▸ DATA TO USE
== Segment start ==

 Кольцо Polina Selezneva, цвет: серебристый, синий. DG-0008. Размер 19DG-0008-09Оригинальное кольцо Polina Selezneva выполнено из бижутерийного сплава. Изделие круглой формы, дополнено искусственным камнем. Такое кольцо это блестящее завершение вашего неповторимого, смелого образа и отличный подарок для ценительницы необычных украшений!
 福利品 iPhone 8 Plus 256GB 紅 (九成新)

== Segment end ==
== Segment start ==

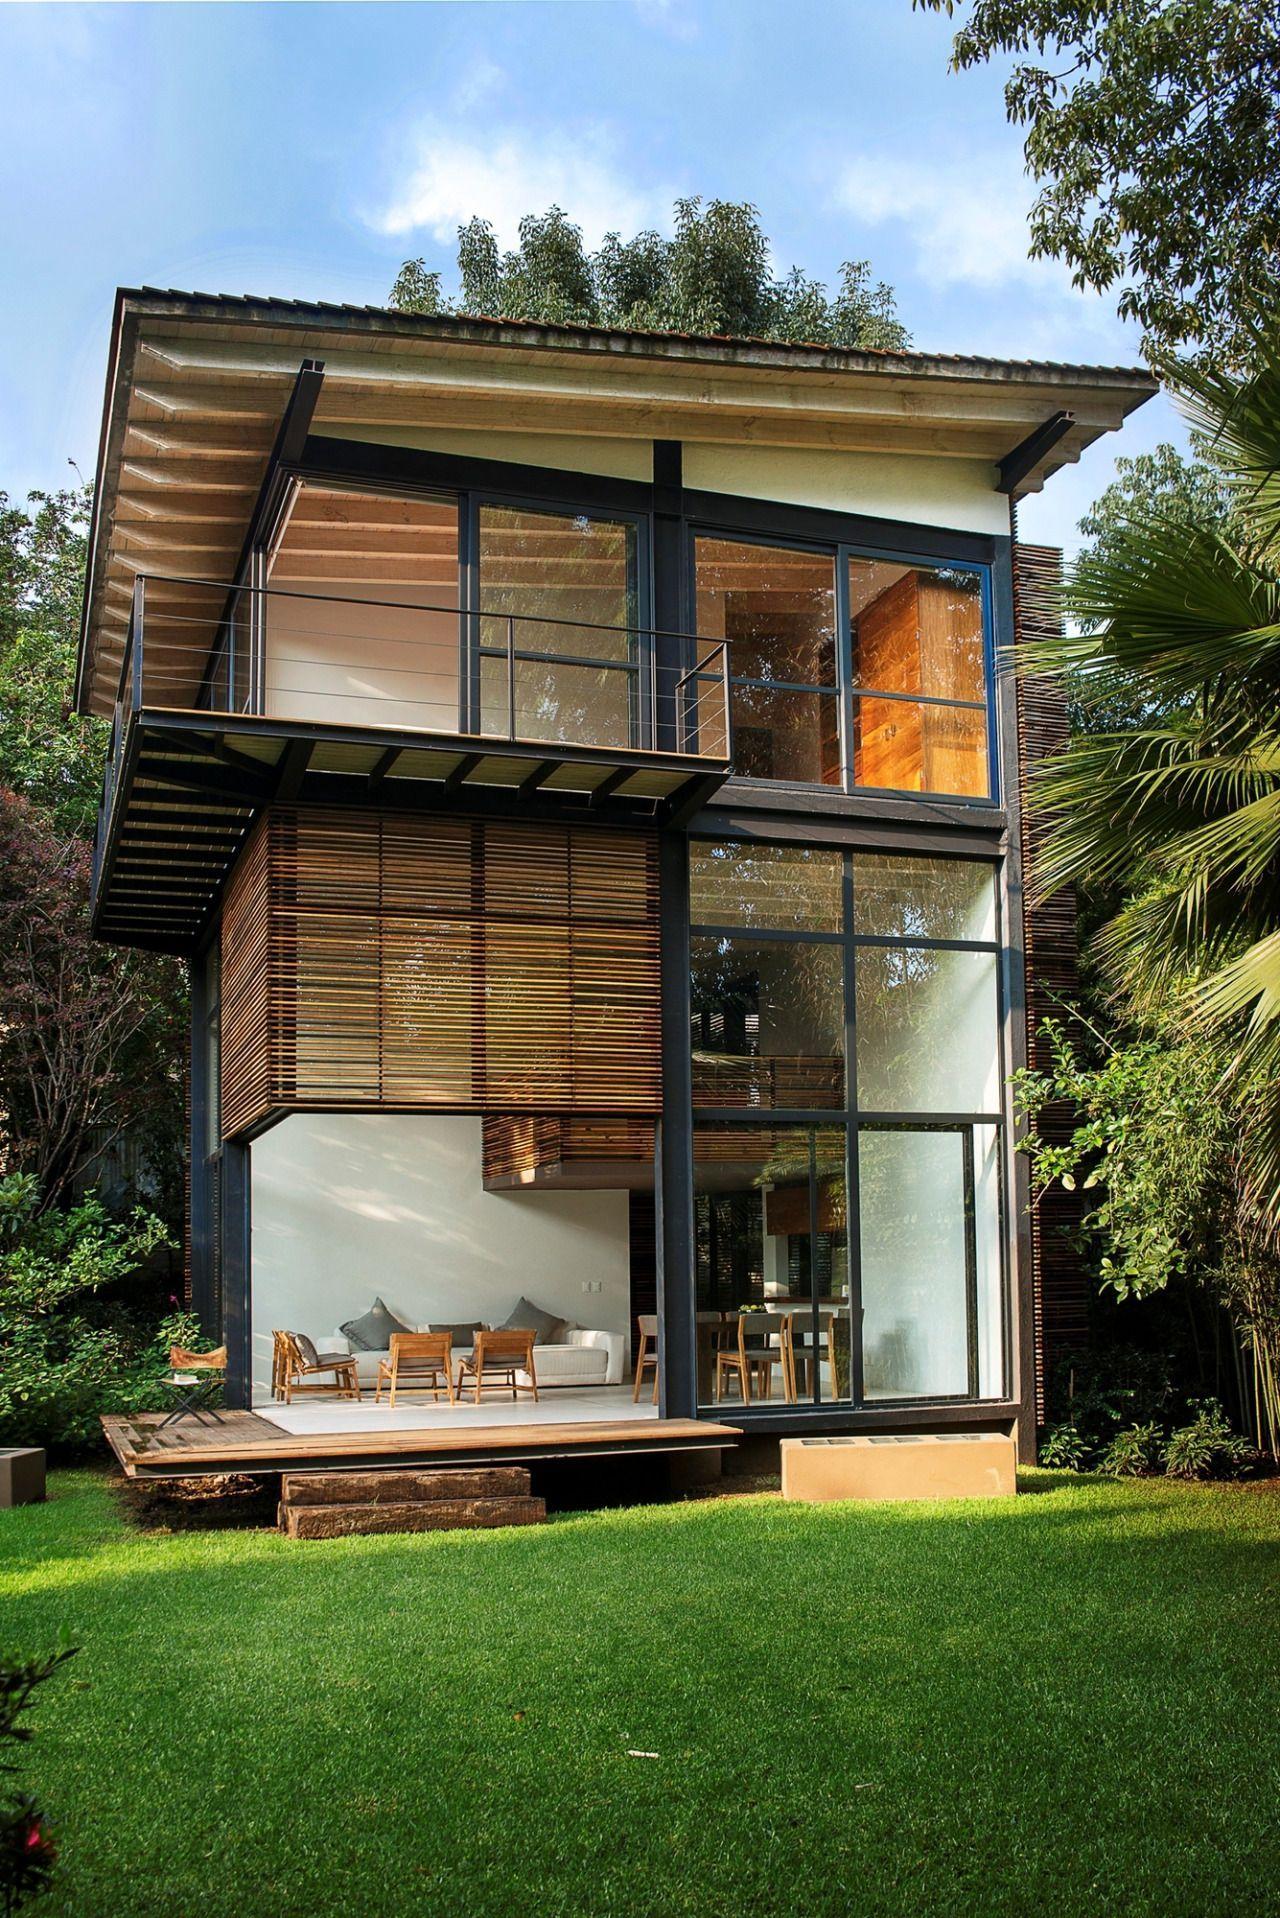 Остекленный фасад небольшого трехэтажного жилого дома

== Segment end ==

▸ PROBLEM TO SOLVE
An exact, complete copy of the lines above from the one with "Кольцо Polina Selezneva, цвет: серебристый, синий." through the one with "福利品 iPhone 8 Plus 256GB 紅 (九成新)" is the whole answer.

▸ EXERCISE ANSWER
 Кольцо Polina Selezneva, цвет: серебристый, синий. DG-0008. Размер 19DG-0008-09Оригинальное кольцо Polina Selezneva выполнено из бижутерийного сплава. Изделие круглой формы, дополнено искусственным камнем. Такое кольцо это блестящее завершение вашего неповторимого, смелого образа и отличный подарок для ценительницы необычных украшений!
 福利品 iPhone 8 Plus 256GB 紅 (九成新)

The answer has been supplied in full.